Russia targeting urban centres, Biden announces new measures
Global News
U.S. President Joe Biden warned that if the Russian President Vladimir Putin didn’t “pay a price” for the invasion of Ukraine, the aggression wouldn’t stop with one country.
Latest updates as of 6:45 a.m. EST on Wednesday:
Ukraine’s leader decried Russia’s escalation of attacks on crowded cities as a blatant terror campaign, while U.S. President Joe Biden warned that if the Russian leader didn’t “pay a price” for the invasion, the aggression wouldn’t stop with one country.
“Nobody will forgive. Nobody will forget,” Ukraine’s President Volodymyr Zelenskyy vowed after Tuesday’s bloodshed on the central square in Kharkiv, the country’s second-largest city, and the deadly bombing of a TV tower in the capital. He called the attack on the square “frank, undisguised terror” and a war crime.
The assault on Kharkiv continued Wednesday, even as Russia said it would be ready to resume talks with the Ukrainian side in the evening. A Russian strike on the regional police and intelligence headquarters, according to the Ukrainian state emergency service. It said three people were wounded.
The strike blew off the roof of the police building and set the top floor on fire, and pieces of the five-story building were strewn across adjacent streets, according to videos and photos released by the emergency service.
In Wednesday’s strikes, four people died, nine were wounded and rescuers pulled 10 people out of the rubble, according to the service.

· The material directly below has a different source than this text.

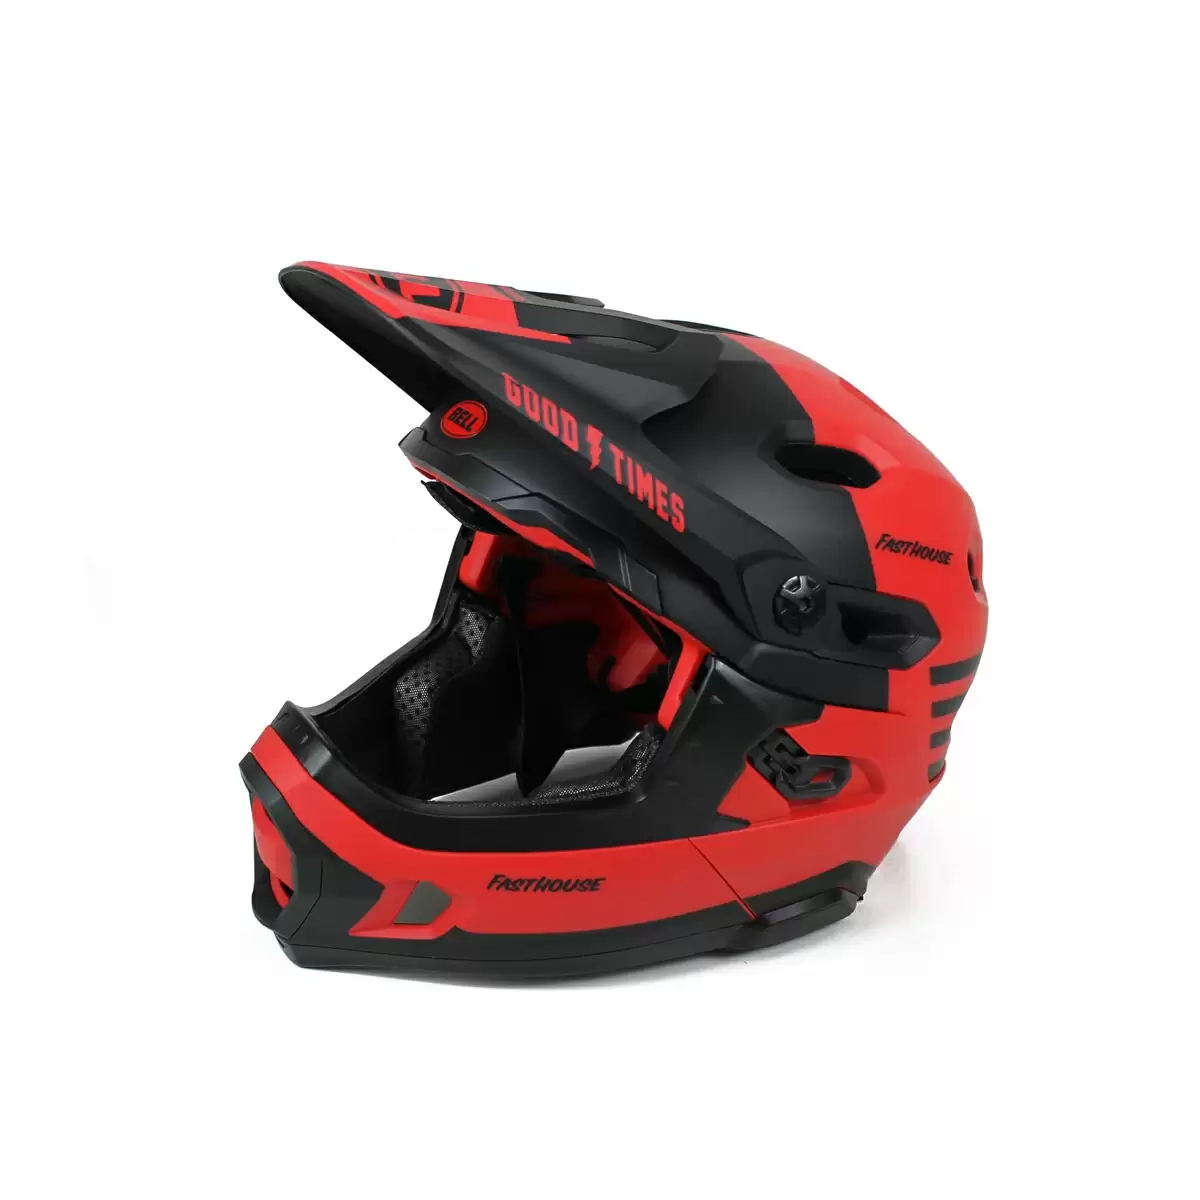 Helmet Super DH MIPS Fasthouse Red Size S (52-56cm) #1

Biden used his first State of the Union address to highlight the resolve of a reinvigorated Western alliance that has worked to rearm the Ukrainian military and adopt tough sanctions, which he said have left Russian President Vladimir Putin ”isolated in the world more than he has ever been.”
“Throughout our history we’ve learned this lesson — when dictators do not pay a price for their aggression, they cause more chaos,” Biden said. “They keep moving. And the costs and threats to America and the world keep rising.”